Ceci étant posé, voyons quelques variations dans le jeu de leurs rapports. Le « je » est toujours en mouvement. Il s’élève mais peut aussi s’abaisser, se diriger vers le soleil, ou s’enfoncer dans la nuit, et même finir par disparaître. Tout « je » n’est qu’un « je » individuel, isolé, mais il a au moins le mérite d’incarner un sujet, ne serait-ce que partiellement. En tant que sujet, le « je » saura-t-il se prendre lui-même pour objet ? Saura-t-il apparaître ou disparaître à volonté devant lui-même ? Maîtrisera-t-il sa marche, sa montée ou sa descente, dans le paysage de sa propre existence ? Ce sont là des questions ouvertes. En revanche, le « moi » n’apparaît jamais en tant que tel, puisqu’il est par définition la somme totale de lui-même, et que celle-ci est presque impossible à décompter. Mais il ne disparaîtra pas non plus. Il est, et il sera pour toujours cet être qui devient sans cesse — au moins jusqu’à ce que ce devenir cesse. Le « moi » représente aussi, d’un autre point de vue, la réalisation toujours inaccomplie du « soi ». Je dis toujours « inaccomplie », au sens de la grammaire hébraïque, qui ne possède pas le temps « présent » du verbe, mais le remplace par un temps dit « inaccompli ». Le verbe être » conjugué à l’inaccompli en hébreu, dénote une modalité de l’être qui ne s’accomplit jamais qu’au terme d’un éternel inaccomplissementi. Le corps, même s’il n’est pas entièrement dépourvu de conscience, ne peut pas dire « je » : il n’en a pas le moyen, puisqu’il n’ a pas d’ego. Et, on le voit bien, ni le « soi » personnel, ni le « Soi » qu’il soit universel, cosmique, infini, divin, ne peuvent pas non plus dire « je ». Qui donc alors peut dire « je » ? Et, d’ailleurs, dire « je » revient à dire quoi, en réalité ? Tout « je » ne recouvre-t-il pas en puissance d’autres « je », ou même des « je », en soi réellement autres, dont certains toujours plus profonds, plus tapis, plus celés ?
Pour avancer un peu, il faudrait chercher ce dont tout « je » surgit. Alors, peut-être, on comprendrait mieux ce dont ce « je » se montre le plus ou moins digne représentant. Le « je » montrerait ainsi son épaisseur, dévoilerait une partie de ses racines, et, par inférence, il laisserait deviner, peut-être, quelques-unes de ses futures efflorescences. Le « je », ombre éphémère, disparaîtrait mais laisserait entrevoir un « moi » un peu plus pérenne, sans doute mieux capable de demeurer face au « soi » et même face au « Soi » infini. Le « je » fugace du sujet, tout comme le « moi » plus durable qu’il dénote, peuvent être comparé, ce me semble, à des nœuds de connexion entre le conscient et l’inconscient. Ces nœuds n’existent que par les torons qui les structurent et les traversent. Il faut être conscient qu’ils peuvent d’aventure se dénouer, et que les torons qui les composent peuvent être défaits, et même coupés. Mais ce n’est pas si grave : la toile du réel est faite de myriades de trames et de chaînes qui s’entre-tiennent, s’entre-lacent, et s’intriquent de toute éternité.

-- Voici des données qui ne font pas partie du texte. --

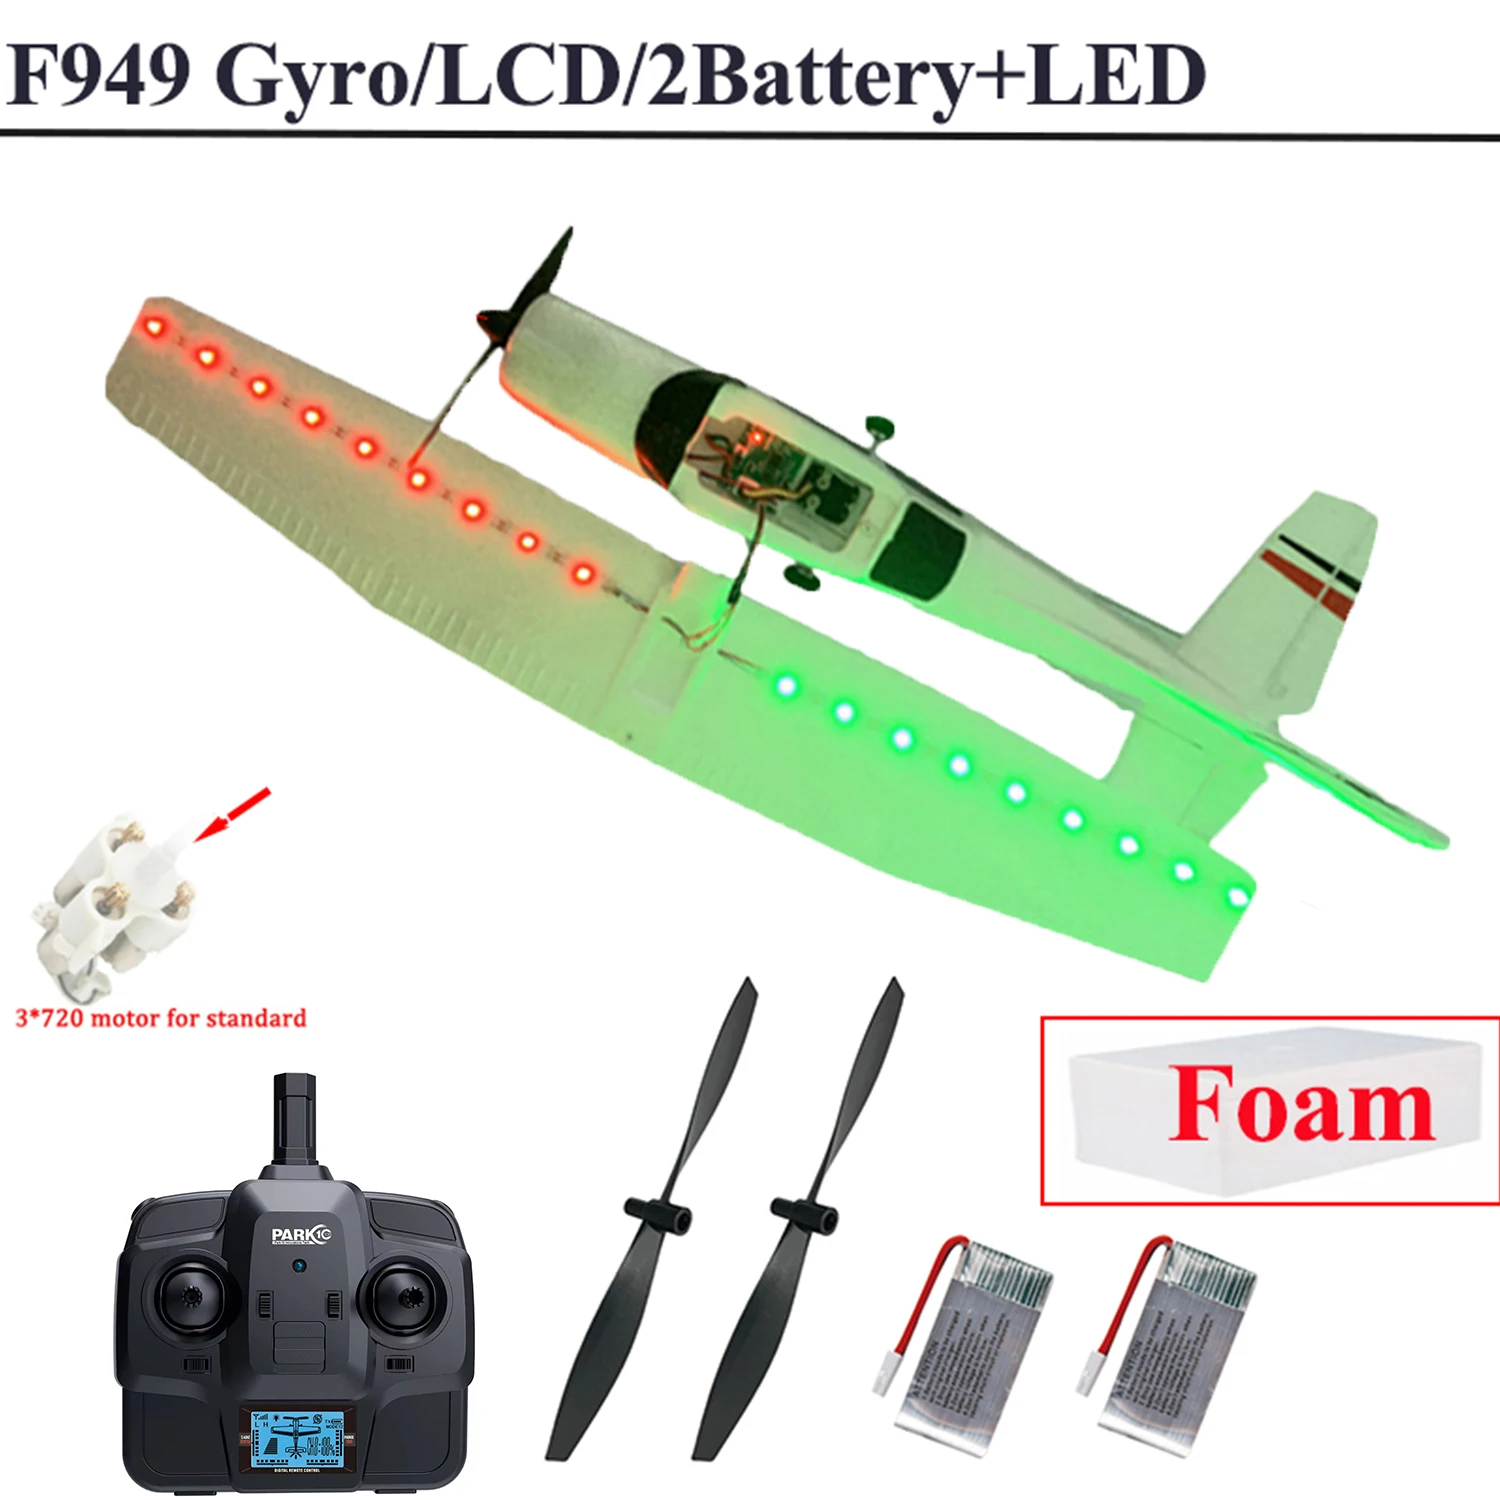 LCD Gyro 2B LED Foam

Il reste que le corps qui est attaché au « je » n’est pas le « je » lui-même ; le « soi » n’est pas le « je », non plus. Qui donc est véritablement ce « je » ? N’est-il qu’une image superficielle du « moi » ? D’où vient-il ? Vers quelle fin va-t-il ? Quant au « moi » son nœud de connexion n’est pas lui-même statique, il n’est pas « serré », « noué » de façon indénouable. C’est un nœud mobile, vibratile ; il a sa propre énergie, sa propre dynamique, il est en essence une vivante « intrication » de conscience et d’inconscient, et il fabrique en permanence d’autres fils et d’autres torons, c’est-à-dire d’autres moments de conscience et des éléments d’inconscient.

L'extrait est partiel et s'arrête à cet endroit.